In its most narrow application, the Supreme Court ruling will affect around 30 pending lawsuits related to church pension plans, as well as the three health care systems being challenged in Advocate Health Care Network v. Stapleton. If the definition of "church plan" is tightened, many religiously affiliated schools, health care systems and other social service organizations will have to adjust their budgets and take a short-term financial hit in order to comply with ERISA.
A man walks through the robing room during a tour of the new Nevada Supreme Court, Monday, March 27, 2017, in Las Vegas. Officials marked the opening of a new Nevada Supreme Court building in downtown Las Vegas that has offices and chambers for state high court justices and appellate judges, and a larger courtroom for arguments. (AP Photo/John Locher)

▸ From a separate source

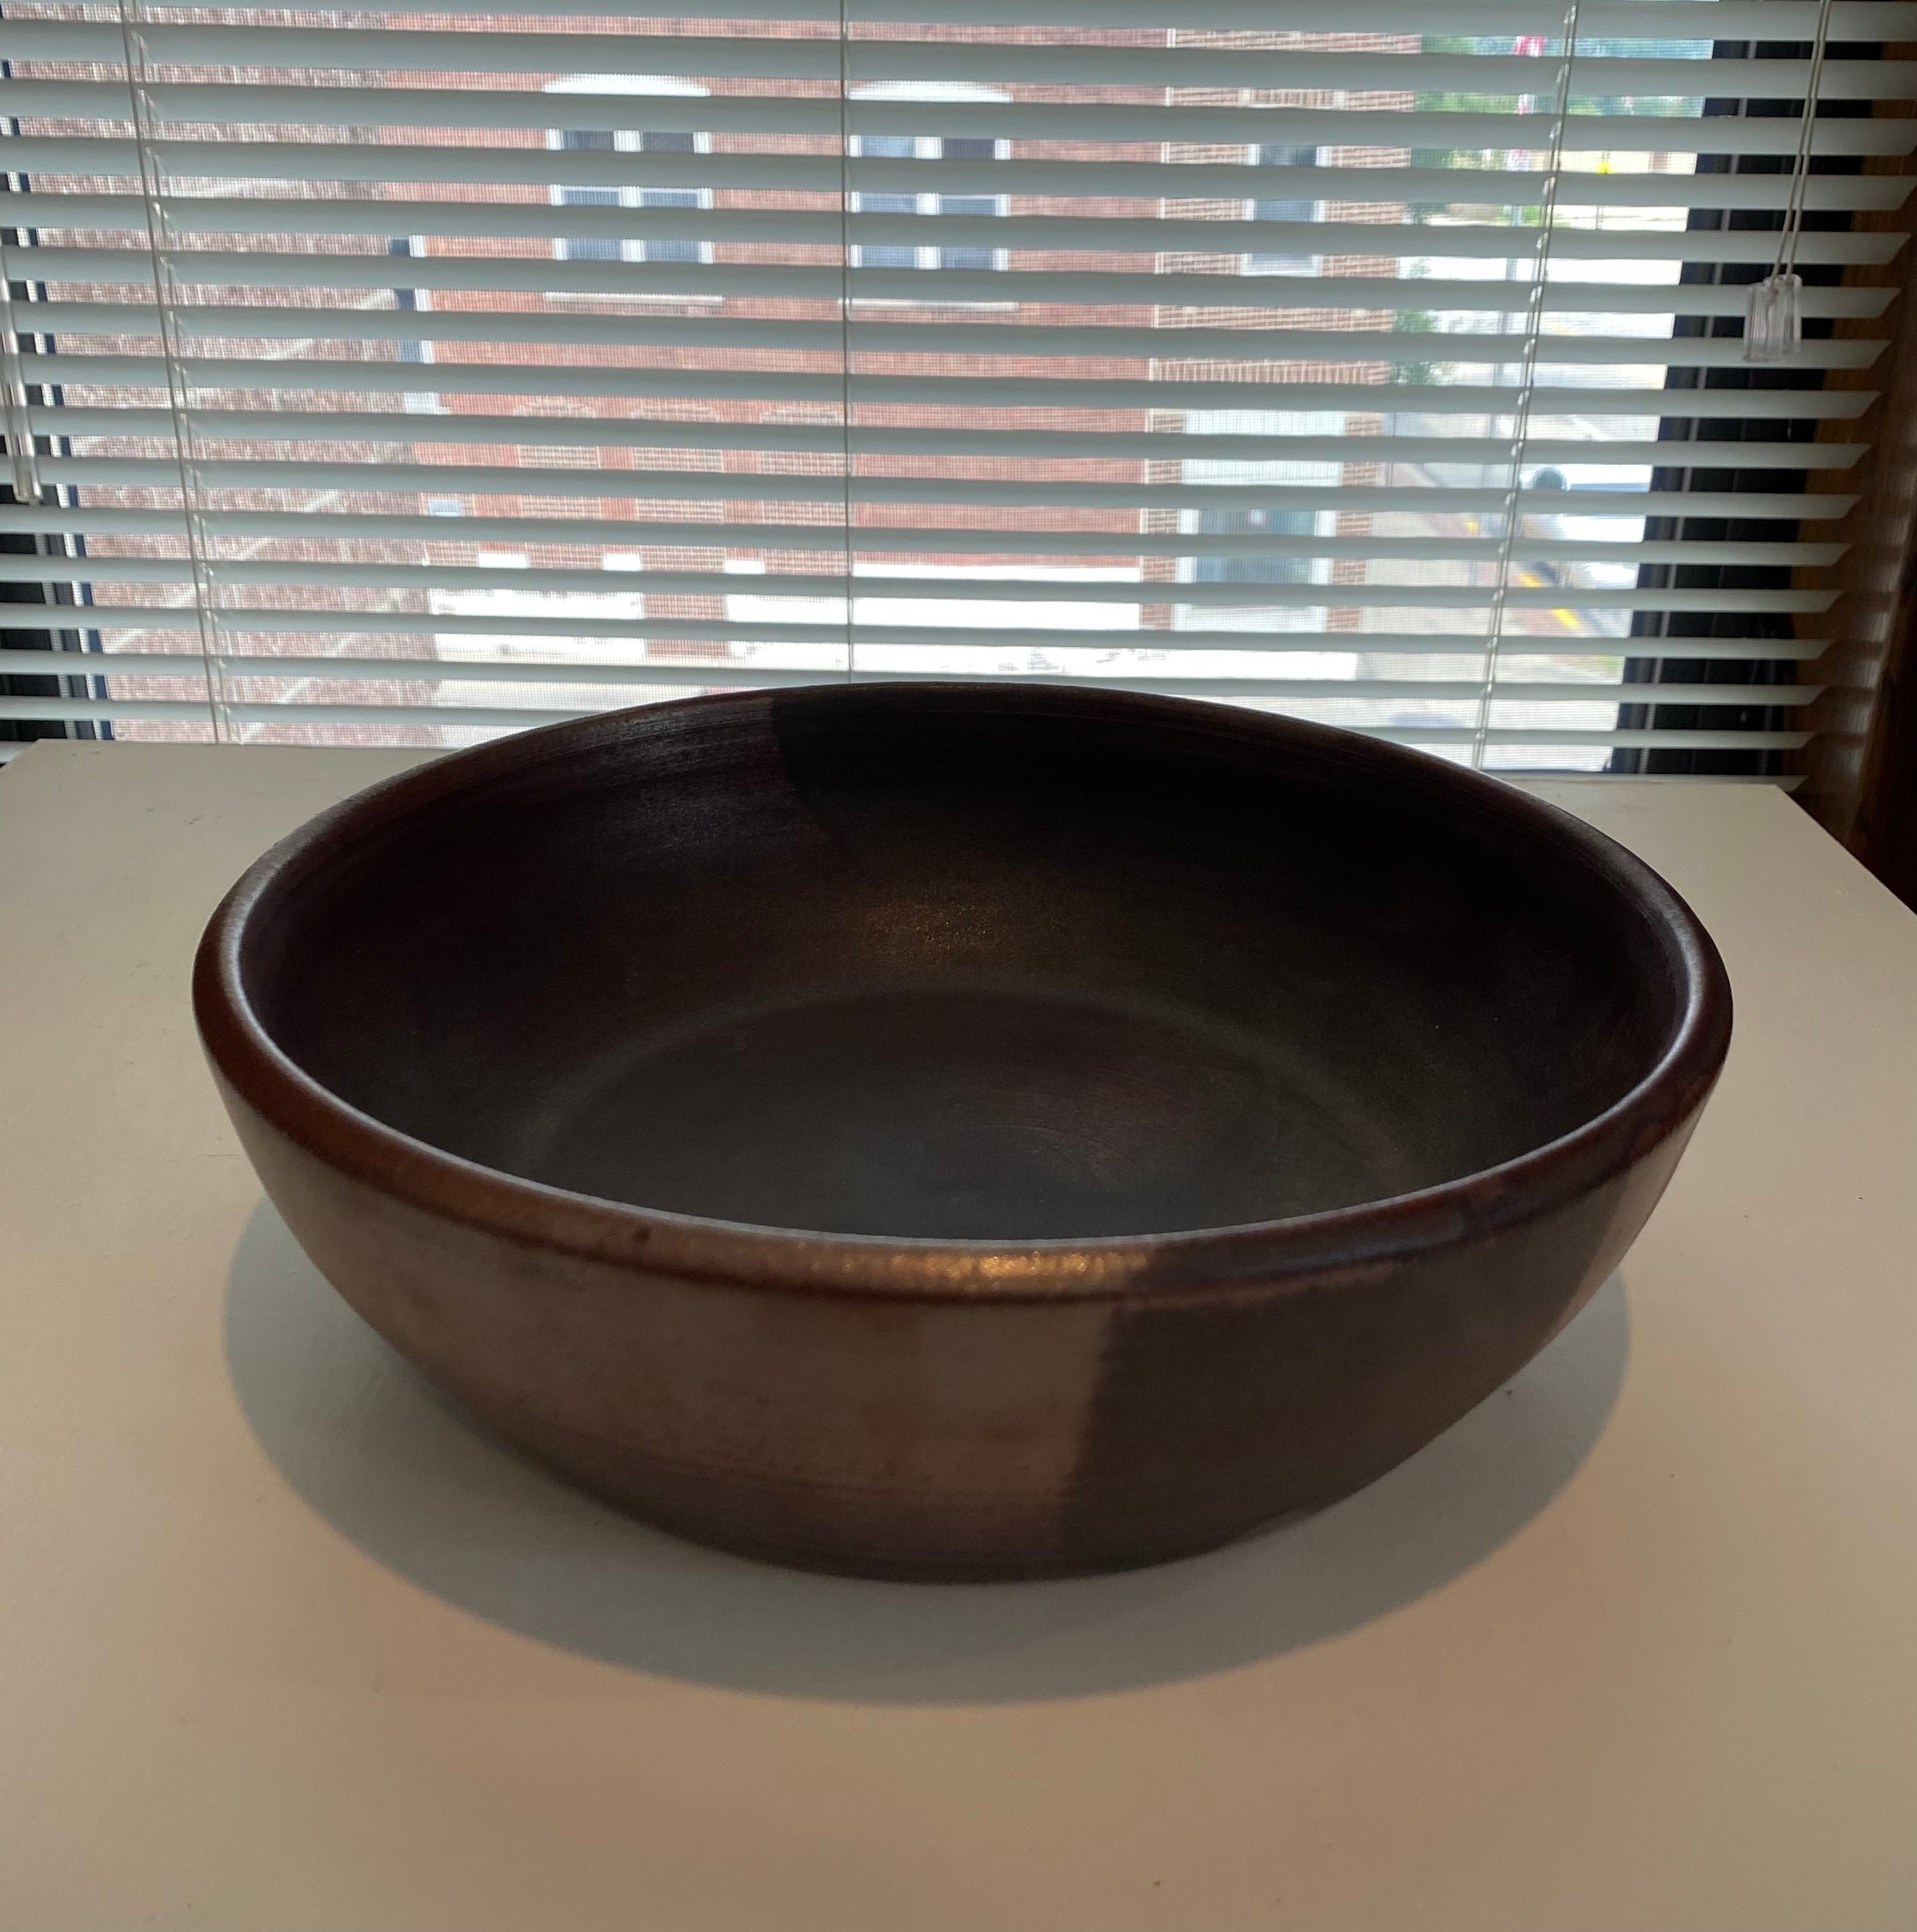 Bowl
Flameware Ceramic
11" x 3.25"
$75.

Some legal experts have observed that the justices and other government officials may be able to moderate the fallout if the hospitals lose, because their pension plan decisions over the last few decades were based on official IRS letters. In other words, they might not have to make up the ERISA-related premiums missed over the years they had approved church plan exemptions.
"I think the IRS and, to the extent that it's relevant, the Department of Labor, will figure out ways to make this something that the hospitals can live with pretty easily," Stein said.
The Supreme Court will rule by June 30.